February 10, 2021
Governor Hogan, Attorney General Frosh, Comptroller Franchot, and Members of the General Assembly:
We would like to share a legal analysis of Maryland House Bill 732 prepared by NetChoice counsel (attached). This analysis identifies severe legal flaws in HB 732, which would expose Maryland citizens to expensive and wasteful legal proceedings.
As detailed in the attached, HB 732 includes a facial violation of the federal Internet Tax Freedom Act (“ITFA”), 47 U.S.C. § 151. ITFA explicitly prohibits discriminatory taxes on internet services and transactions. HB 732 is facially discriminatory since it imposes this new tax only on digital advertising, and not on other forms of advertising such as billboards, magazines, newspapers, radio, and television.

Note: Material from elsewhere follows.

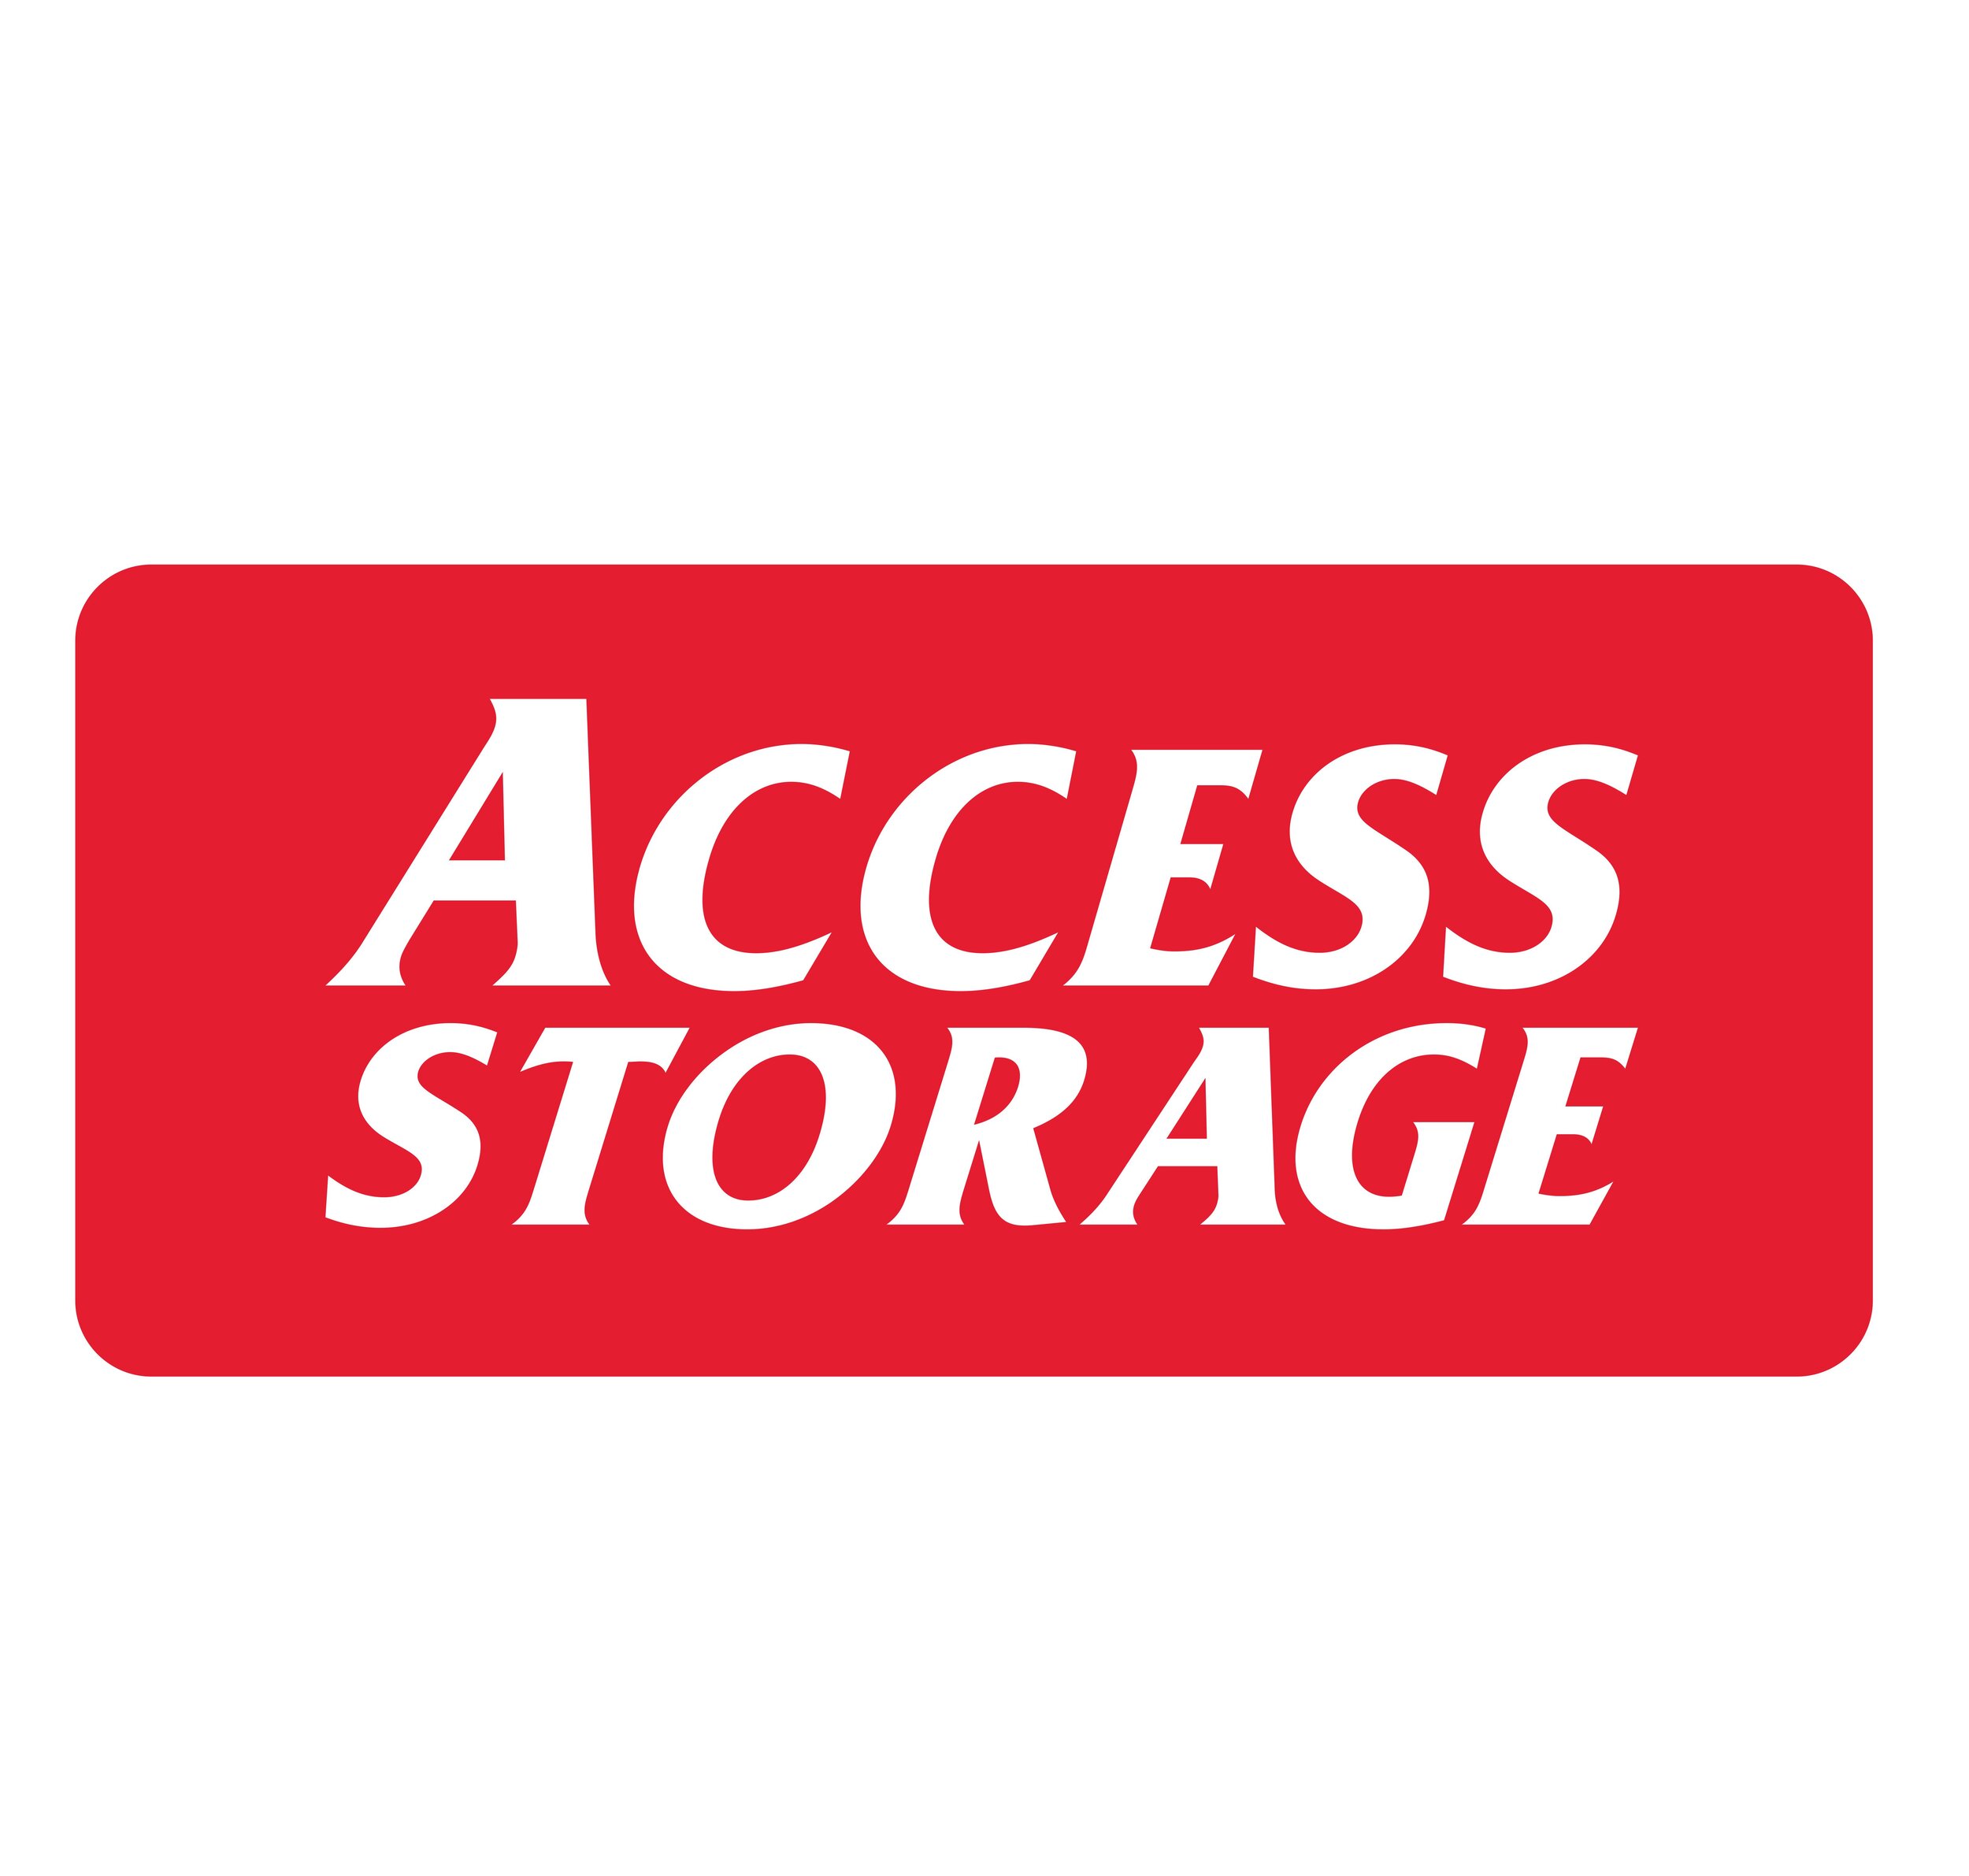 Access storage.jpg

In addition, HB 732 would violate the First Amendment of the US Constitution. The legislation would prohibit internet services from displaying a line-item for this new tax when billing advertisers — most likely to avoid public scrutiny about the new tax. HB 732 is therefore a government limitation on free speech.

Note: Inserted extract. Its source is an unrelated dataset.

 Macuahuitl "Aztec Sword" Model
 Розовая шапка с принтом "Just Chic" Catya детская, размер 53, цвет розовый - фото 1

It seems clear from the attached memo that an action to enjoin HB 732 is likely to prevail, and that anticipated tax revenues are not likely to be realized. With that, it would be unsound fiscal policy for the state to count on the estimated $250 million in annual revenue the tax is purported to raise. Relying on projected revenue from this bill in Maryland’s budget will leave the state with a deep budget deficit and force cuts in services.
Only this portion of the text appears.